The BERT model expects three inputs:
- The input ids — for classification problem, two inputs sentences should be tokenized and concatenated together (please remember about special tokens mentioned above)
- The input masks — allows the model to cleanly differentiate between the content and the padding. The mask has the same shape as the input ids, and contains 1 anywhere the the input ids is not padding.
- The input types — also has the same shape as the input ids, but inside the non-padded region, it contains 0 or 1 indicating which sentence the token is a part of.
This model returns two outputs:
- Pooled output — the final hidden state corresponding to the CLS token.
It is used as the aggregate sequence representation for classification tasks (roughly speaking, it is an embedding for the whole sentence).
- Sequence output — 768 dimension embeddings for each token in the given sentence.
Sparse categorical cross-entropy loss function is used for both text classification and question answering tasks, as shown below.

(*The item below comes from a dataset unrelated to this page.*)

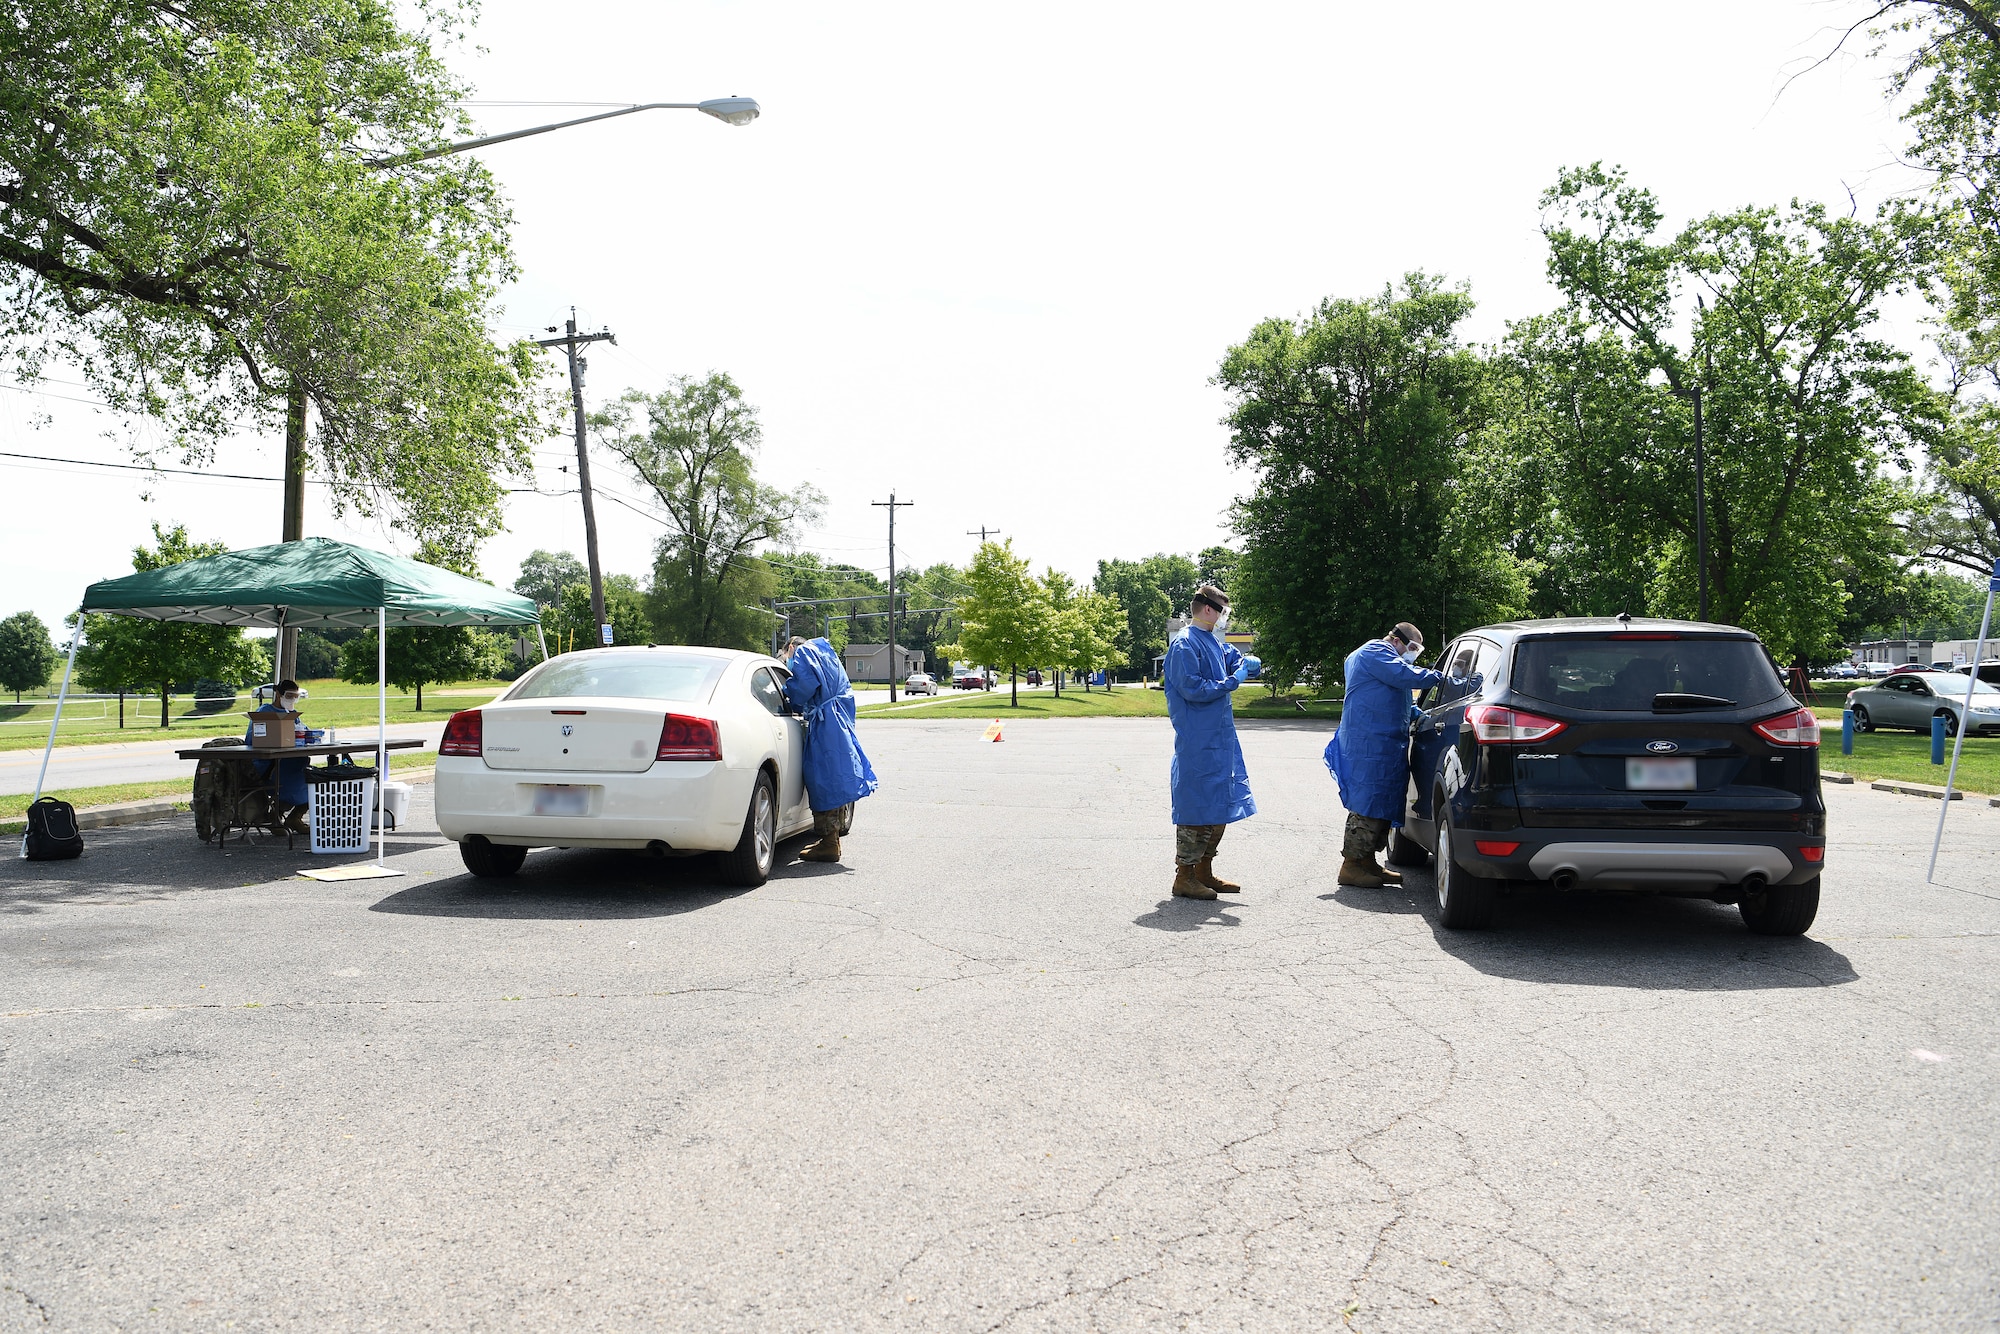 Local community members receive COVID-19 testing June 17, 2020 at Community Building Institute in Middletown, Ohio. Airmen from the 178th Wing and Soldiers assigned to the Ohio National Guard augmented staff members of Centerpoint Health to help with drive-thru Coronavirus testing of local community members. (U.S. Air National Guard photo by Staff Sgt. Amber Mullen)

For this example I’ve used the GLUE MRPC dataset from TFDS — corpus of sentence pairs automatically extracted from online news sources, with human annotations for whether the sentences in the pair are semantically equivalent.
- Number of labels: 2.
- Size of training dataset: 3668.
- Size of evaluation dataset: 408.
- Maximum sequence length of training and evaluation dataset: 128.
This BERT model, trained on SQuaD 1.1, is quite good for question answering tasks. SQuaD 1.1 contains over 100,000 question-answer pairs on 500+ articles. In SQuAD dataset, a single sample consists of a paragraph and a set questions. The goal is to find, for each question, a span of text in a paragraph that answers that question. Model performance is measured as the percentage of predictions that closely match any of the ground-truth answers.
BERT model is fine-tuned to perform this task in the following way:
- Context and the question are preprocessed and passed as inputs.
- Take the state of last hidden layer and feed it into the start token classifier. The start token classifier only has a single set of weights which it applies to every word. After taking the dot product between the output embeddings and the start weights, we apply the softmax activation to produce a probability distribution over all of the words. Whichever word has the highest probability of being the start token is the one that we pick.
- We repeat this process for the end token — we have a separate weight vector for this.
As you can see, both models showed performance close to that indicated in the original papers.
P.S. I will update this article and the related GitHub project with the BERT-Large model when RTX 3090 support is available in TensorFlow.